The Hartford Courant
You'd think that being a gorgeous, charming, sophisticated young princess fully accessorized right down to having an adoring, healthy and attentive young king-to-be at one's side would have solved most problems, wouldn't you?
I've had plenty of off-days when any combination of those elements -- gorgeous, charming, king-to-be at my side -- would have gone a long way toward cheering me up.
But we've learned this week that even Kate Middleton isn't enviable -- at least not all the time.
This week's collective cultural copping of a feel has transformed the Duchess of Cambridge into merely a pair of breasts, the holder of the Royal Rack. Gone from sight and sound are the young woman's good works and bon mots; eclipsed are the dazzling smiles and apparently affectionate interactions with her delighted audiences in Britain and abroad.
She's been reduced to a just another girl gone wild, a young woman without a bathing suit top sunning herself on a deck. She could be a Page Three girl from the English tabloids or a cast member from Jersey Shore.
The paparazzi wanted to get those photographs of Middleton because she's "somebody." Yet the effect of being photographed in such a way is to be cut down to size: to be made into "any body," to be made into an object. Finally, it is to be treated like nobody at all: just a pair of breasts and a behind.
Mostly people seemed disappointed that there weren't little crowns on her, or some other distinguishing features. 32B or 32 not to be?
Ask any woman when she was first reduced to body parts -- as if being evaluated by Perdue for sale by the pound -- and she'll tell you.
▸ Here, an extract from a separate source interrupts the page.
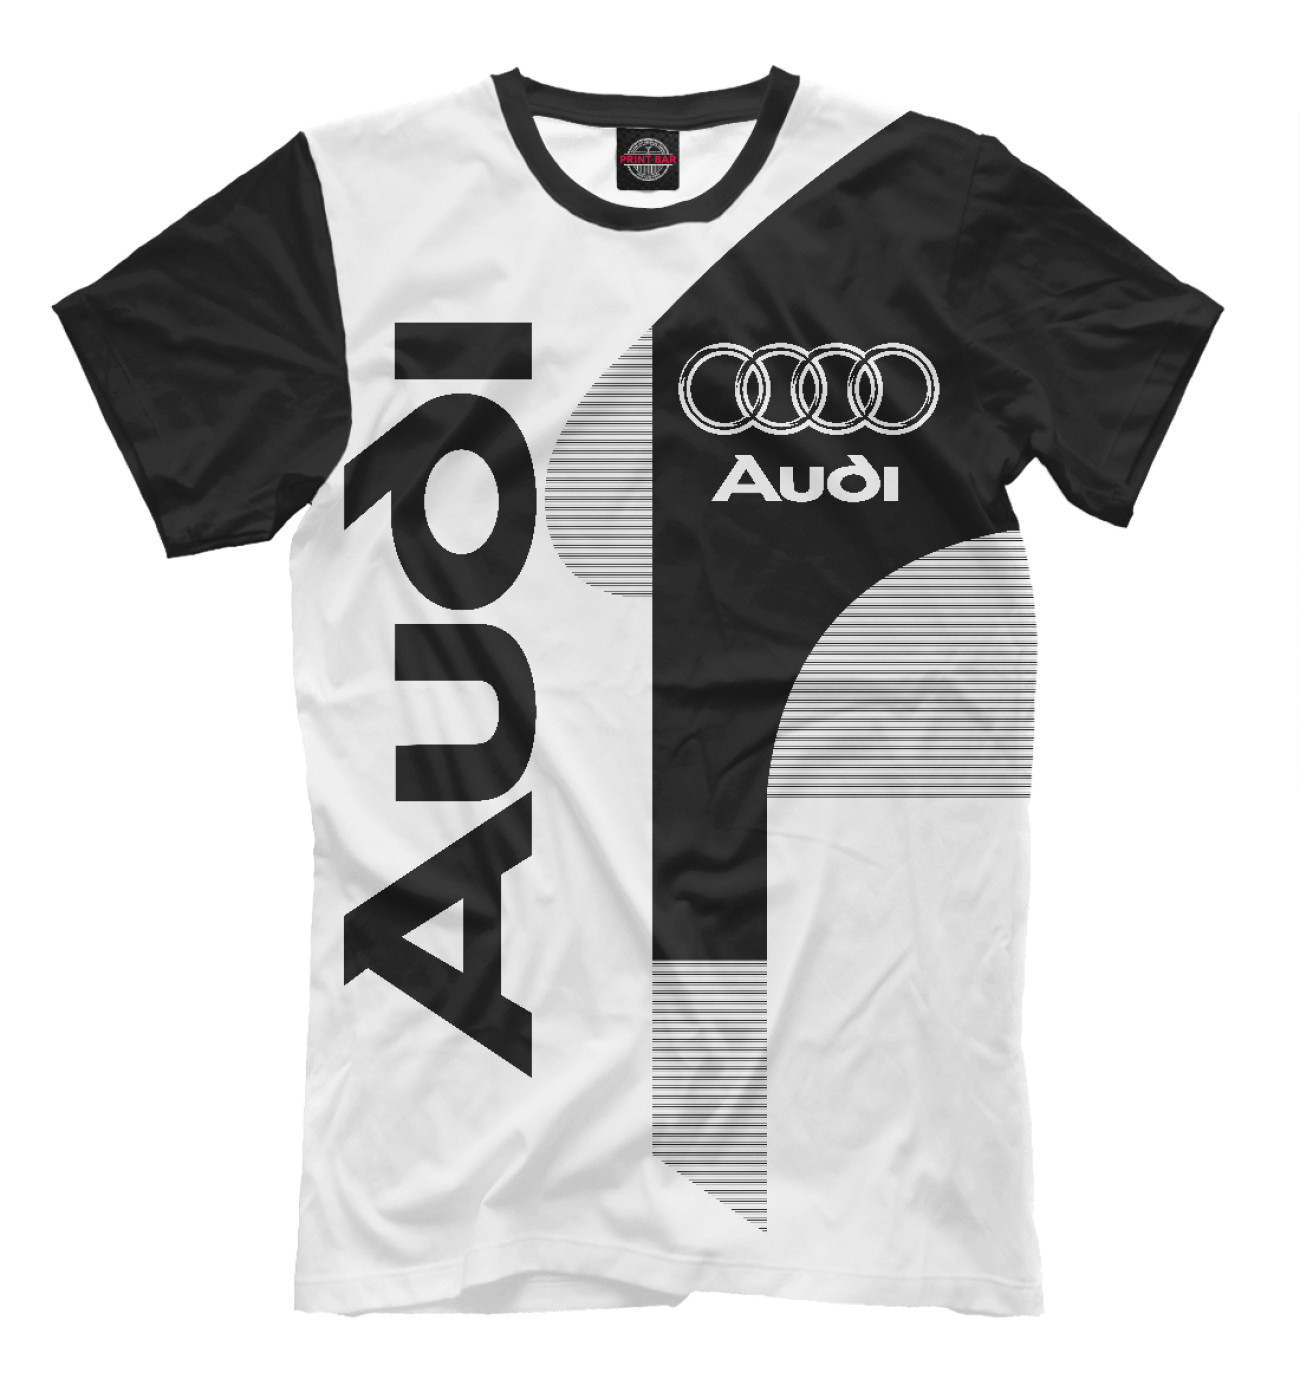 Мужская Футболка Audi, артикул: AUD-309816-fut-2
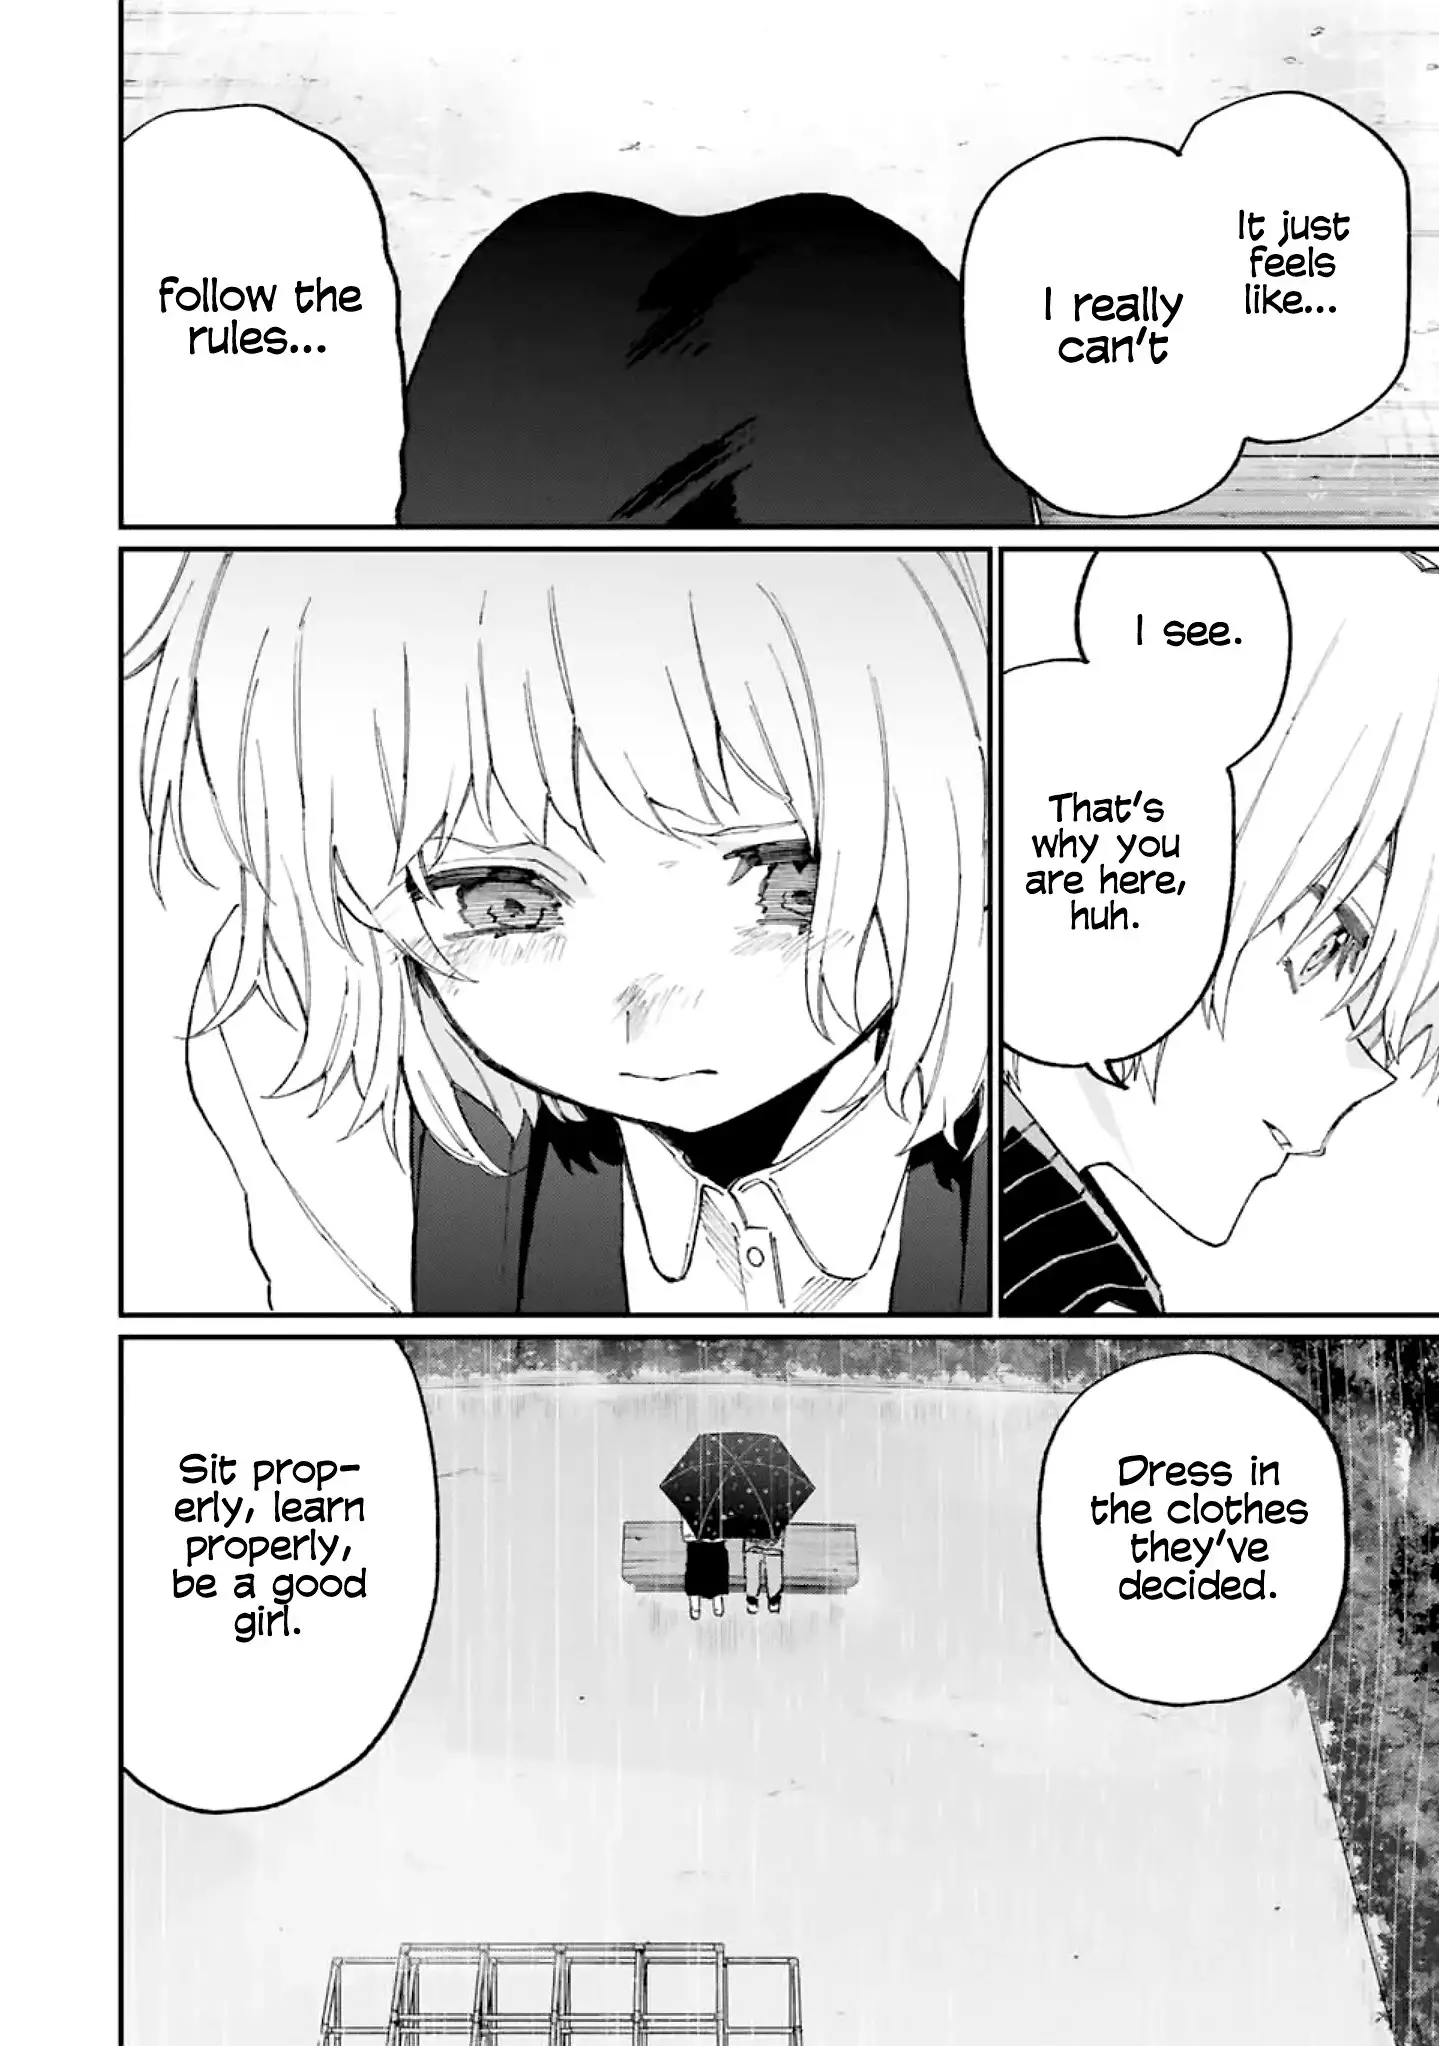 Shikimori's Not Just A Cutie - 129 page 9

Most of us remember.
Mine was when I was walking home from school by myself in the eighth grade. I was wearing a new pea coat I'd bought with baby-sitting money. This was the early 1970s and I looked more like a stowaway from Palermo than a chorus girl; I looked like the old cartoon character "Dondi" except with longer hair.
Whether it was the hair or the coat, it was enough to get me noticed by a Monte Carlo filled with high school guys who drove by and shouted really dirty stuff. Really. Dirty.
I was deeply ashamed of myself. And that's the part that still gets me: I didn't do anything. Why should I have been embarrassed? The guys were the morons. They were the ones engaged in nasty behavior. If their mothers heard what they said, they would have hit them over the head with frying pans -- and not just once.
But instead I was the one who slunk down, red-faced, hating my new jacket.
Some of Middleton's critics argue that, as a royal supported by the state, she should have known better than to reveal her naughty bits except indoors with the blackout curtains drawn, as if she were living in during the Blitz. Or under Shariah law, perhaps.
But of what, exactly, is Middleton meant to be ashamed? Is she being punished for making us want to look at her? C'mon, she's one of the most photographed women in the world. She's not some poor girl with low self-esteem who misjudged how to become popular and removed her top for Twitter.
Nor is the princess hoisting up a frothing pint of Whitbread and flinging her breasts into the camera as if proclaiming "Oyik! These belong to Britain!"
The photographs of Middleton are pretty far from lascivious. They have all the illicit sexuality of the puppy tugging at the bathing suit bottom of the 4-year-old in the Coppertone ad. Sure, you can make that image erotic if you choose, but if you do, you're probably already on the predator's list and have other stuff to worry about.
One thing Middleton -- or any other woman -- shouldn't have to worry about in the 21st century is being ashamed of herself for having a body. Just shout "Honi soit qui mal y pense," that phrase on Great Britain's royal coat of arms meaning "You've got the problem, buddy, not me" whenever the paparazzi, or guys in Monte Carlos, go by.